• _RECORDED INFORMATION_
________________

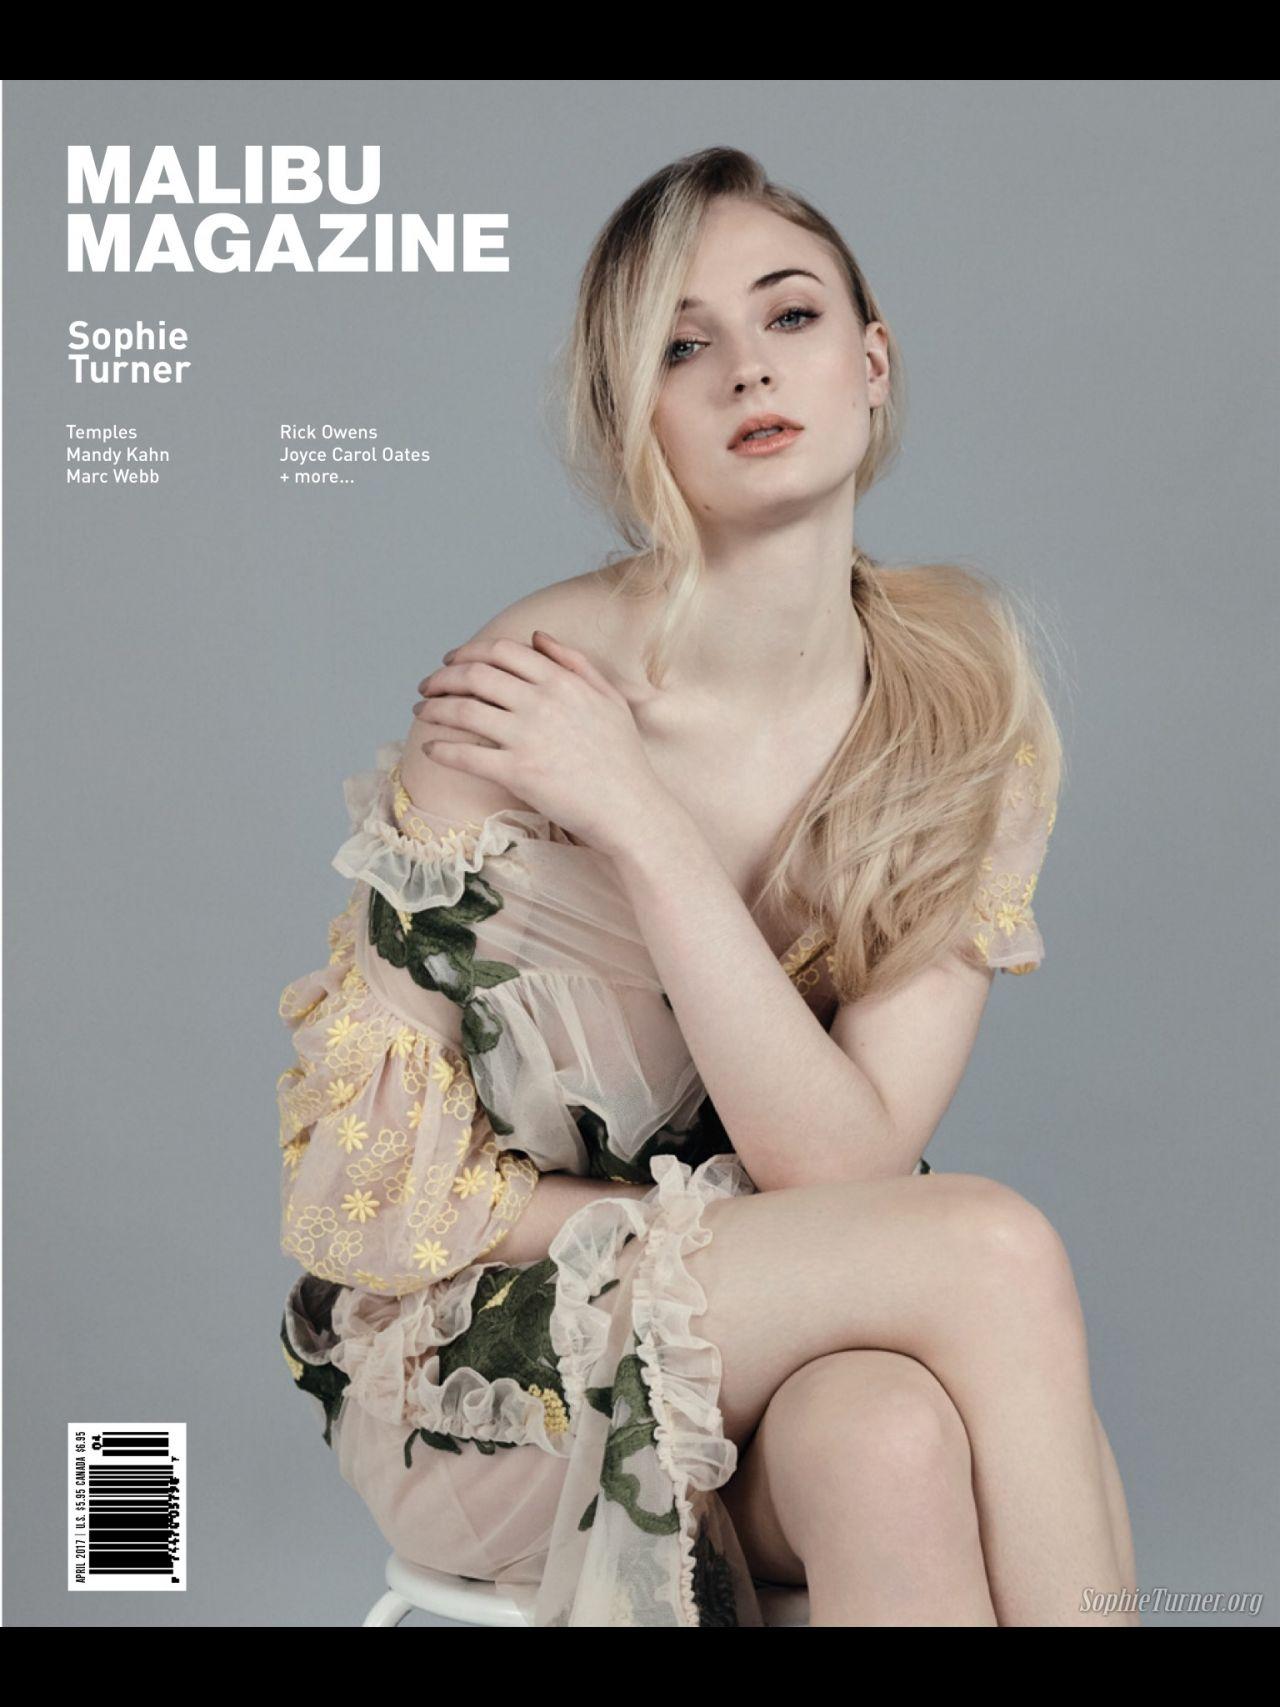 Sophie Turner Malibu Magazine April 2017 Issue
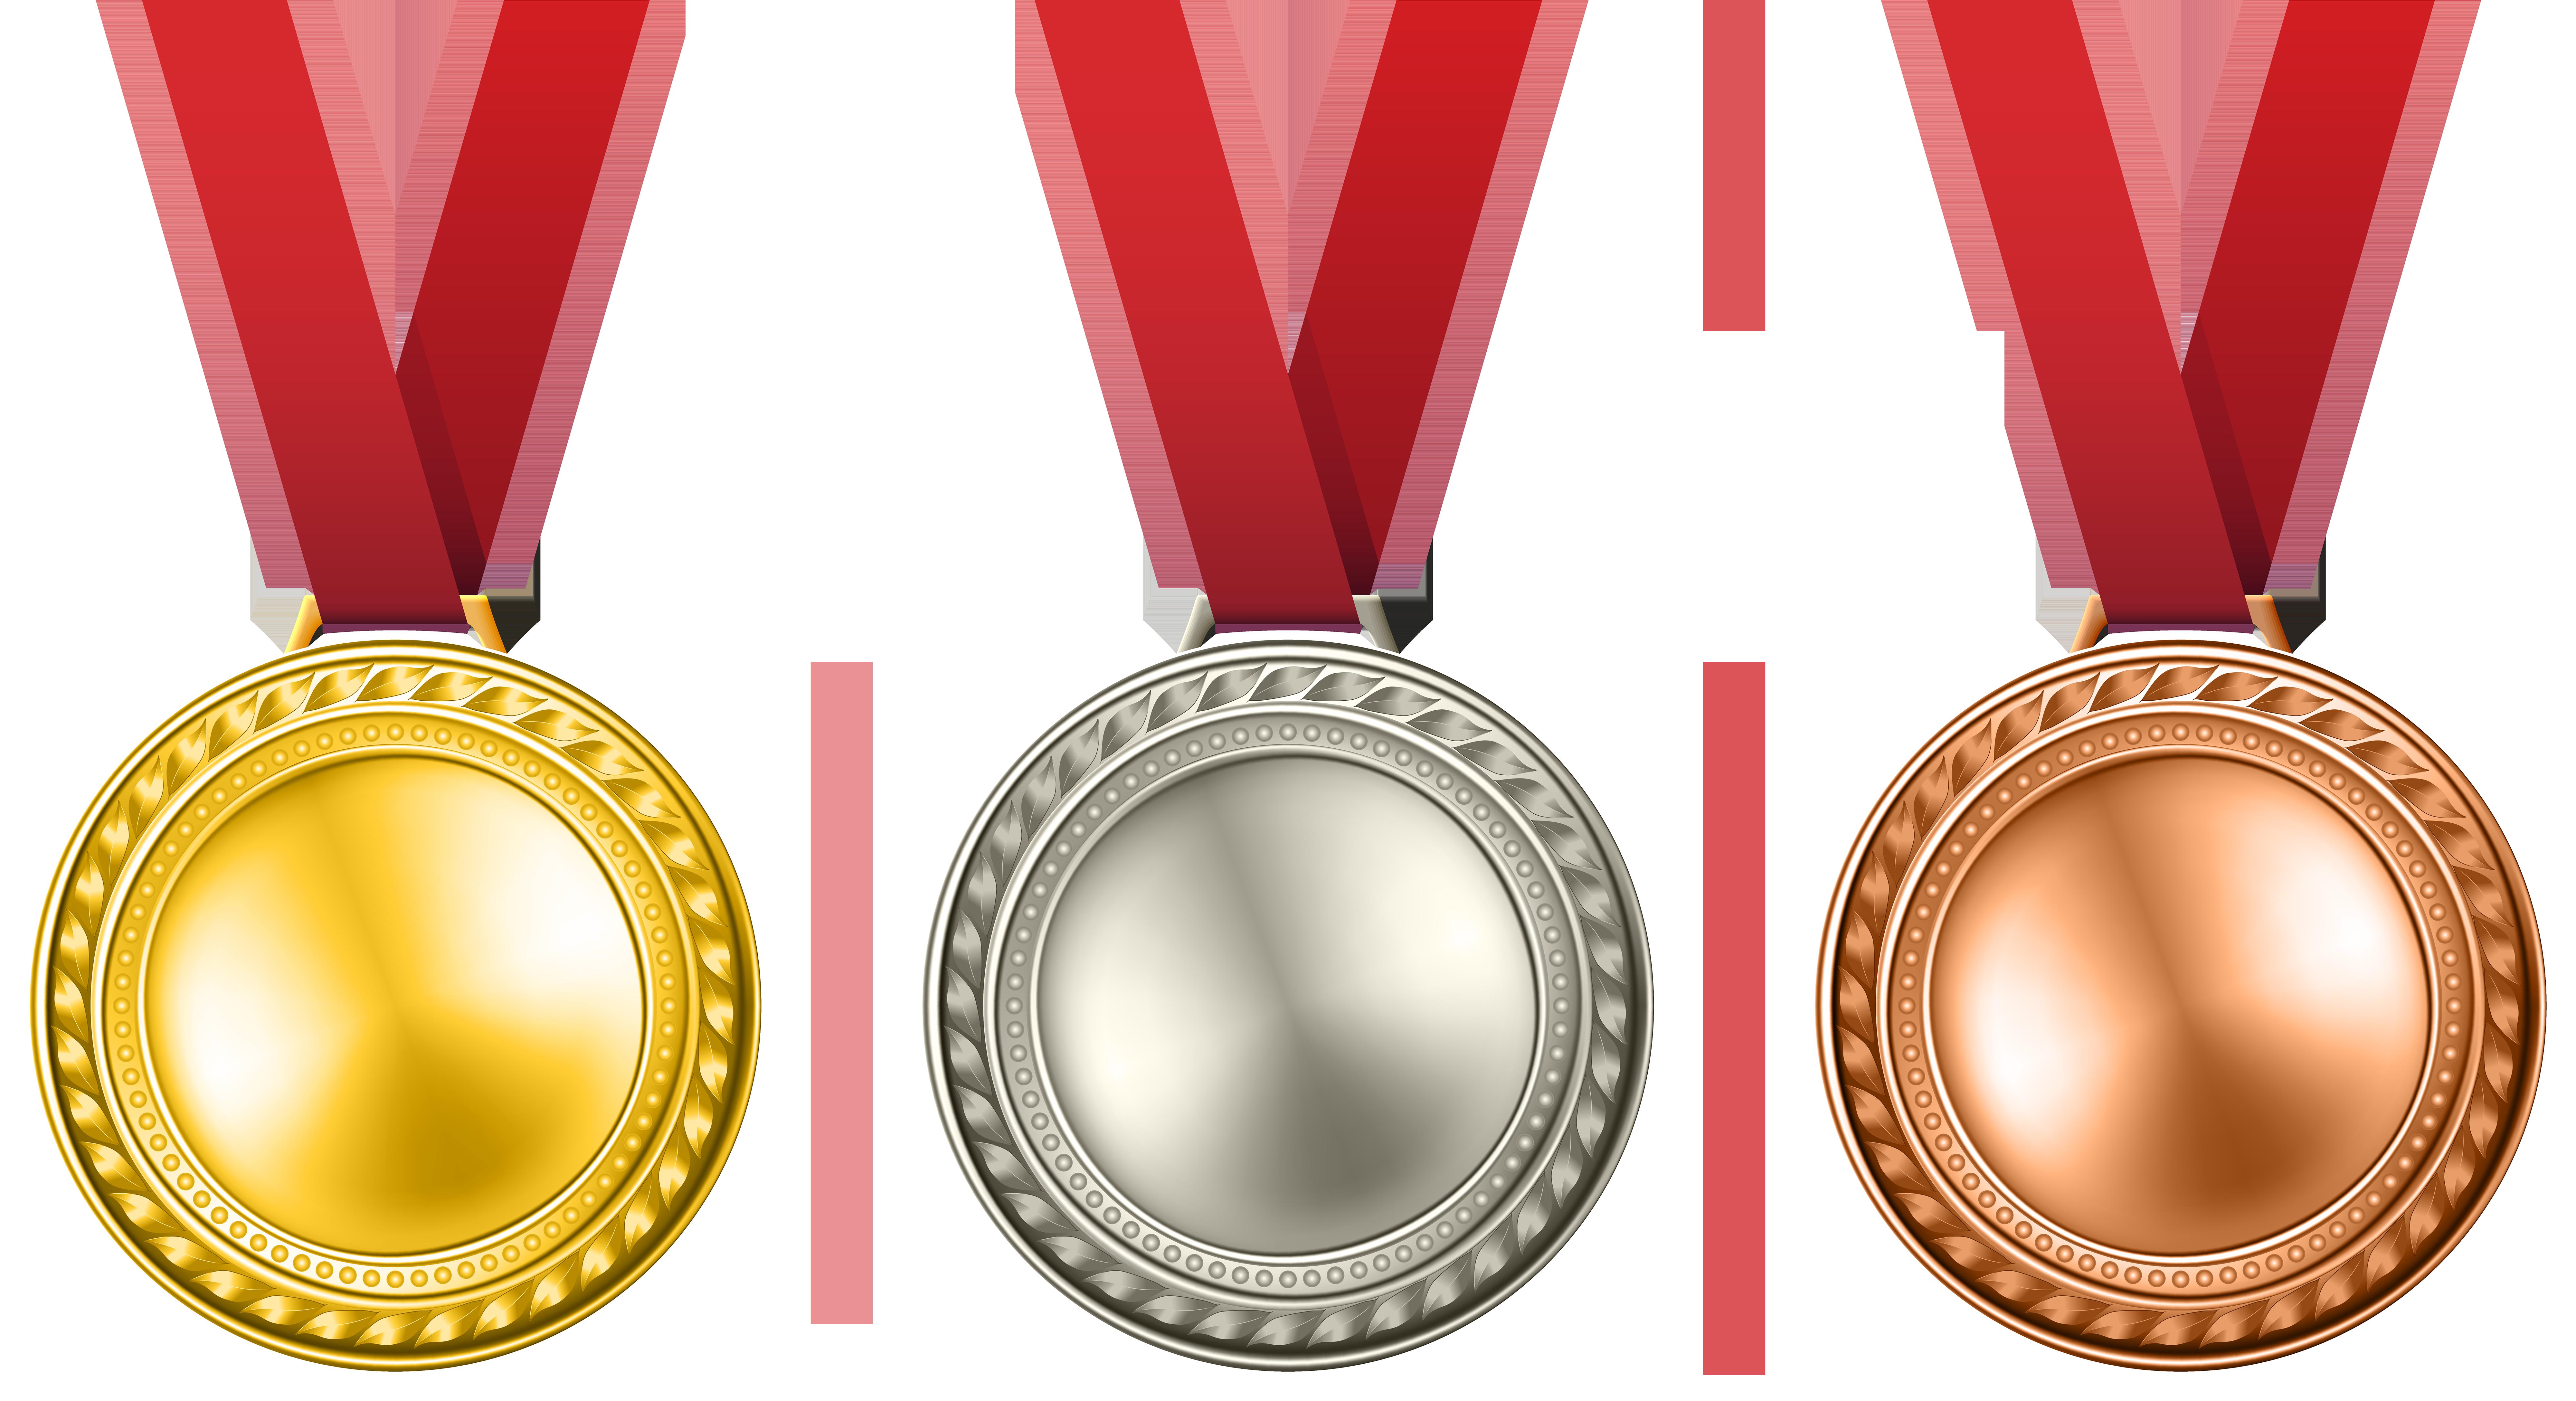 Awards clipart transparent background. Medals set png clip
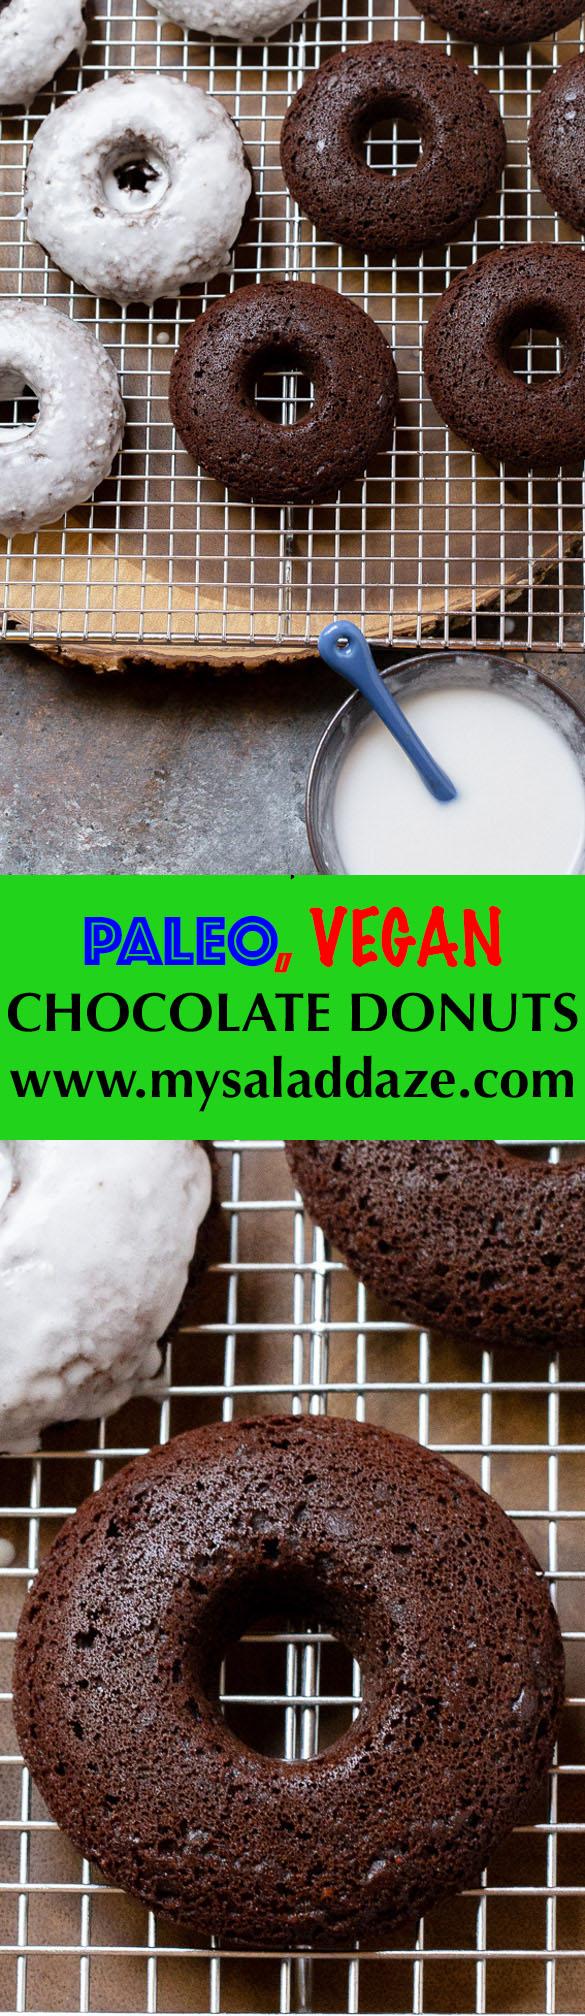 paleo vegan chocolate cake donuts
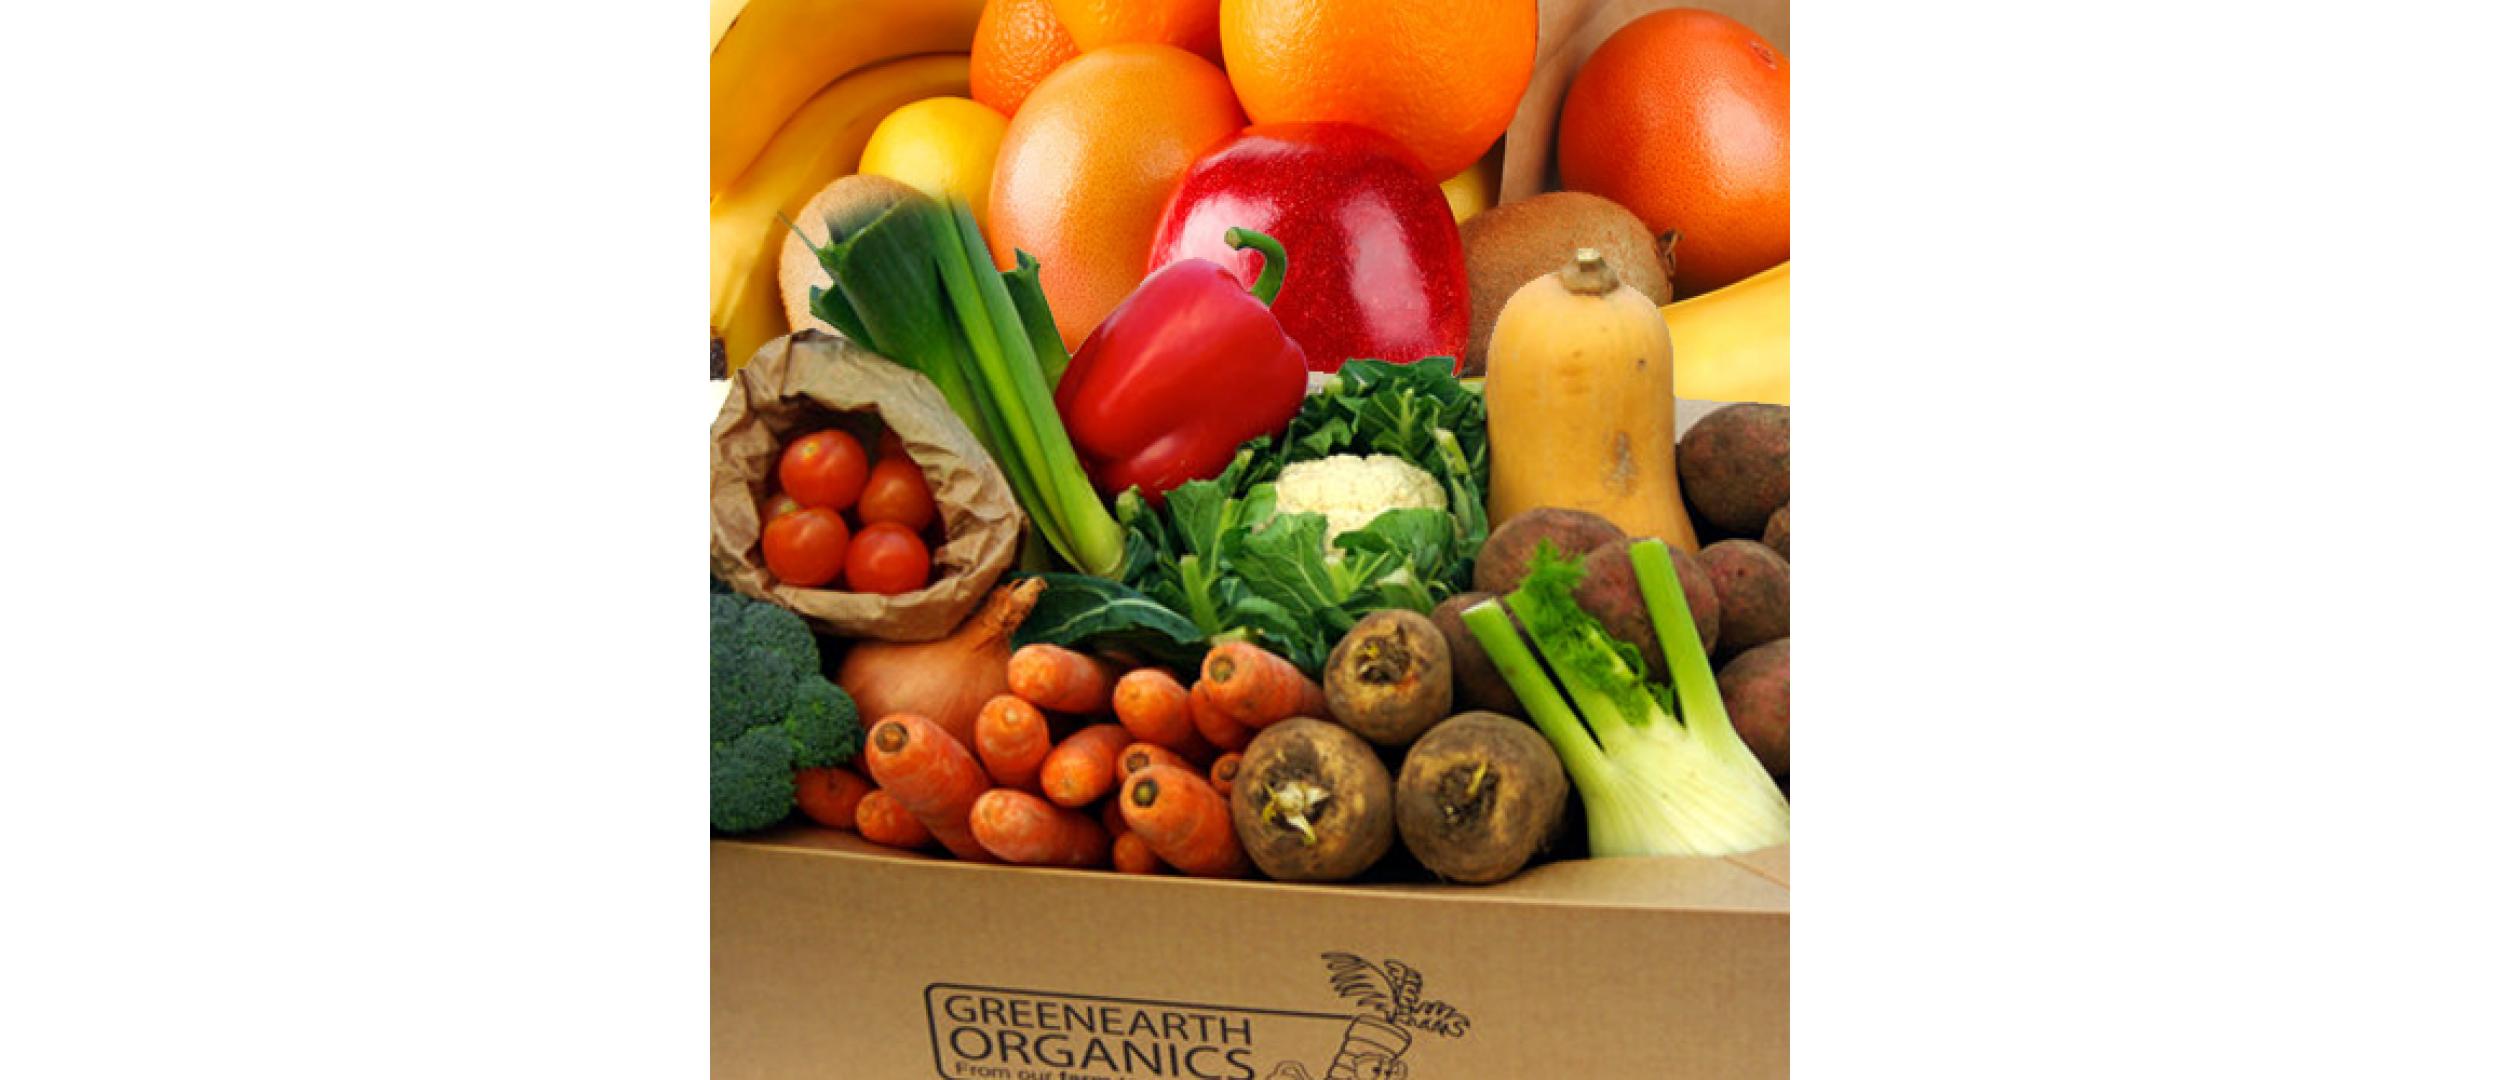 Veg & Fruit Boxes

________________

• _TASK DETAILS_
Write the lines from the one containing "paleo vegan chocolate cake donuts" through the end of the data above exactly as they appear, and do not carry over any picture.

• _OUTPUT_
 paleo vegan chocolate cake donuts
 Veg & Fruit Boxes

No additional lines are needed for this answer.